The ideological environment in parts of Afghanistan remains shaped by limited access to education, weak institutional trust, and socio-economic deprivation. These conditions create fertile ground for extremist narratives to persist. Efforts to counter this ideology have often been inconsistent, underfunded, or overshadowed by immediate security concerns. One of the most tragic illustrations of the governance and trust deficit is the repeated disruption of public health initiatives, particularly polio vaccination campaigns.

These campaigns, supported by international donors and local authorities, have faced persistent resistance due to misinformation, distrust, and targeted violence. In some cases, health workers have been accused of espionage, a narrative fueled by past intelligence-linked operations in the region. The consequences have been severe. Health workers and security personnel assigned to protect vaccination teams have been killed, and access to vulnerable populations has been restricted.

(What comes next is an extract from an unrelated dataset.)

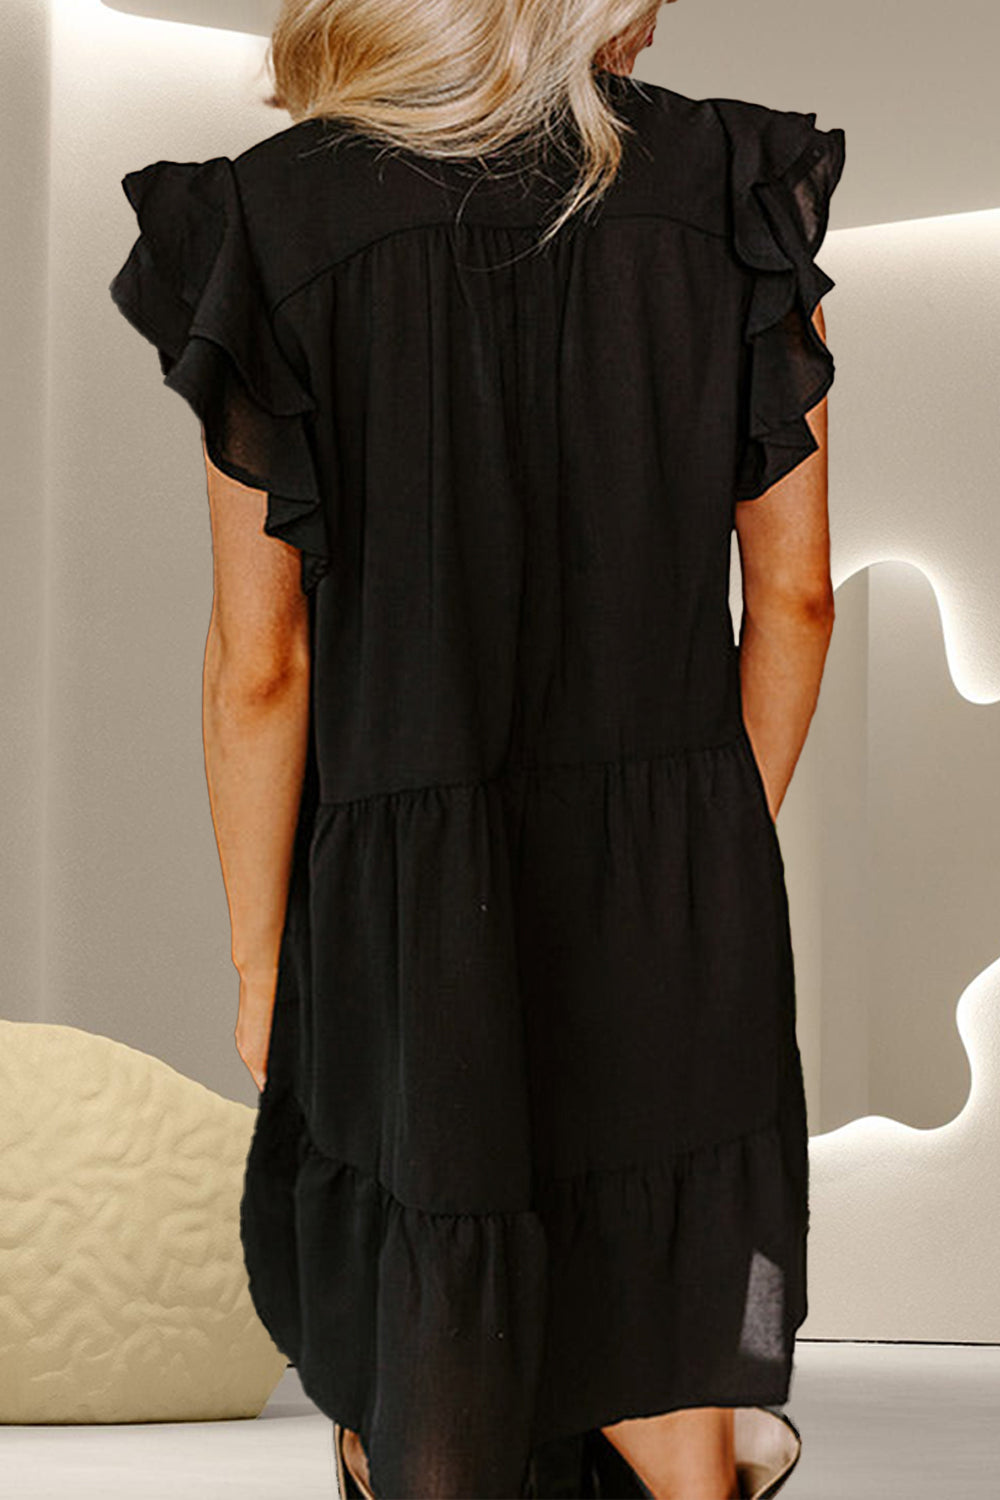 TEEK - Black Embroidered Ruffled Cap Sleeve Mini Dress DRESS TEEK Trend

This has transformed a public health initiative into a security-sensitive operation, further blurring the line between humanitarian work and political conflict. One of the most pressing dangers today is not escalation, but complacency. The perception that ISIS-K is contained, or that Afghanistan’s internal security dynamics are stabilizing, risks repeating earlier analytical mistakes. The reality is more complex. The group continues to operate in fragmented cells, adapting to pressure and exploiting governance gaps. Meanwhile, Afghanistan’s institutional capacity is still evolving, and regional tensions remain unresolved.

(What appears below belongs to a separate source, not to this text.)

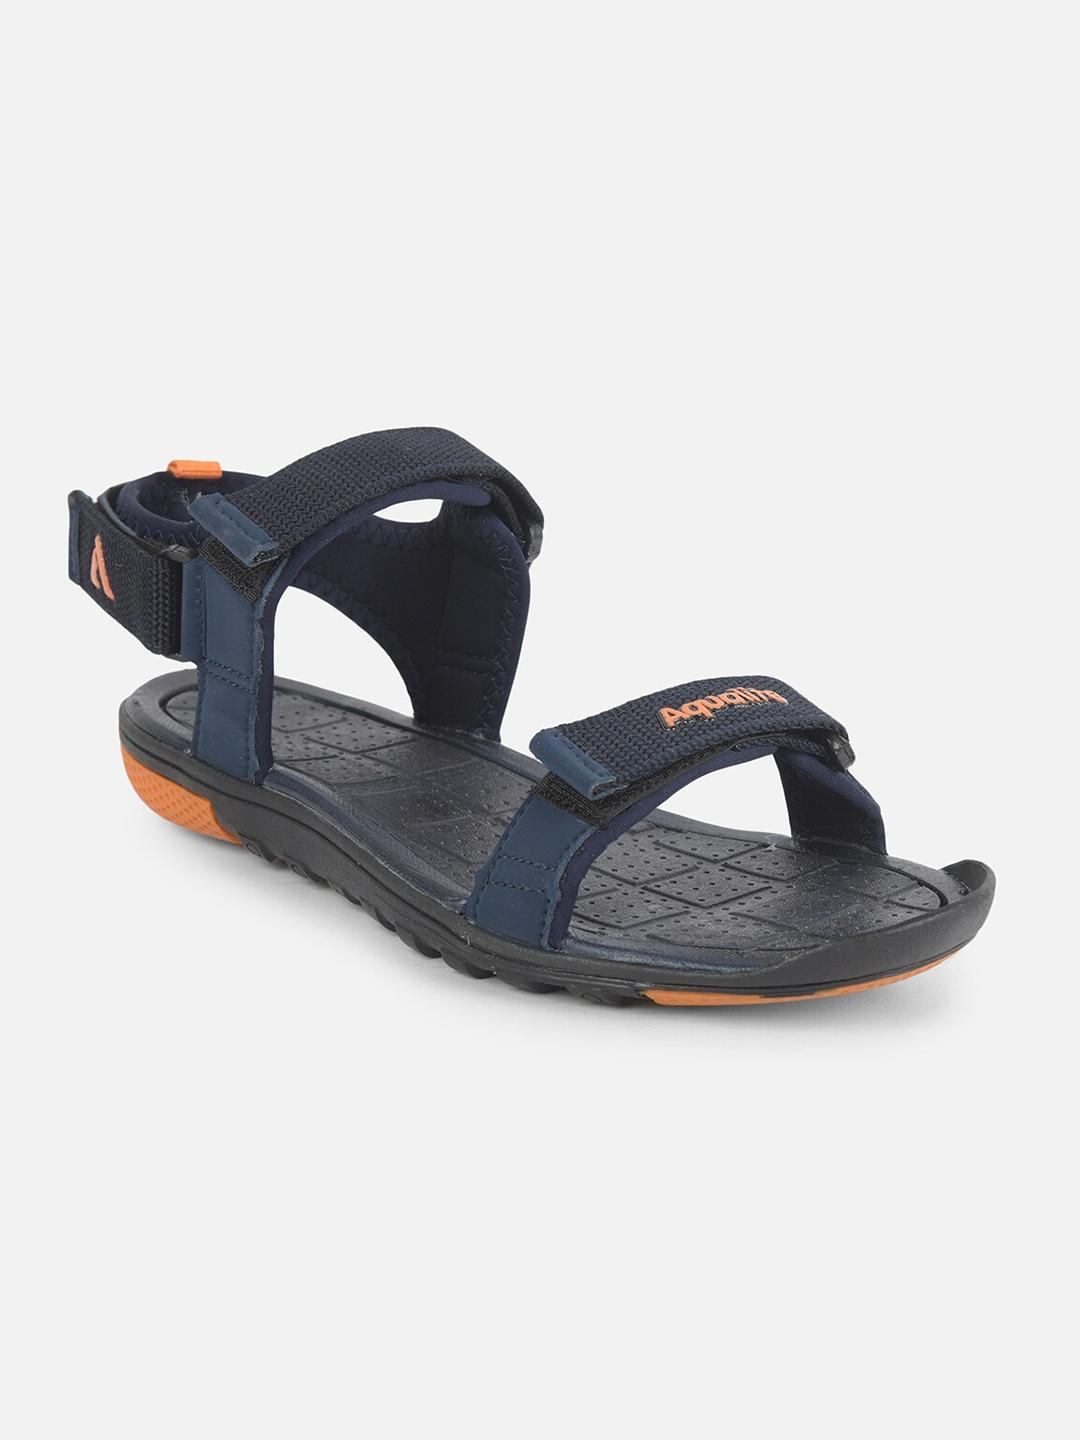 Aqualite Men Navy Blue & Orange Sport Sandals

Looking forward, three broad scenarios can be outlined. In the first, incremental stabilization occurs. The Taliban gradually strengthen governance capacity, improve intelligence coordination, and reduce space for transnational militant groups. Regional actors engage more constructively, leading to managed containment of threats. In the second scenario, stagnation persists. Afghanistan remains trapped in a cycle of low-level insurgency, limited governance capacity, and periodic regional tensions. ISIS-K continues to operate as a persistent but contained threat. In the third and most concerning scenario, fragmentation deepens. Competing militant groups exploit governance gaps, regional rivalries intensify, and Afghanistan once again becomes a platform for broader transnational instability.

The trajectory will depend not only on internal governance decisions but also on the consistency of regional and international engagement. The central lesson from Afghanistan’s current security trajectory is not simply about one group or one government. It is about the consequences of misreading complex environments. Underestimating ISIS-K, overestimating institutional readiness, and neglecting long-term intelligence and governance investment have collectively shaped the present uncertainty.

Moving forward, policy must shift away from assumptions and toward sustained engagement based on ground realities. Intelligence must be adaptive, governance support must be institutional rather than transactional, and regional cooperation must move beyond crisis response toward structural stability. Afghanistan remains at the center of a delicate regional balance. Whether it becomes a space of managed stability or renewed volatility will depend on whether the lessons of the past two decades are finally internalized or once again overlooked.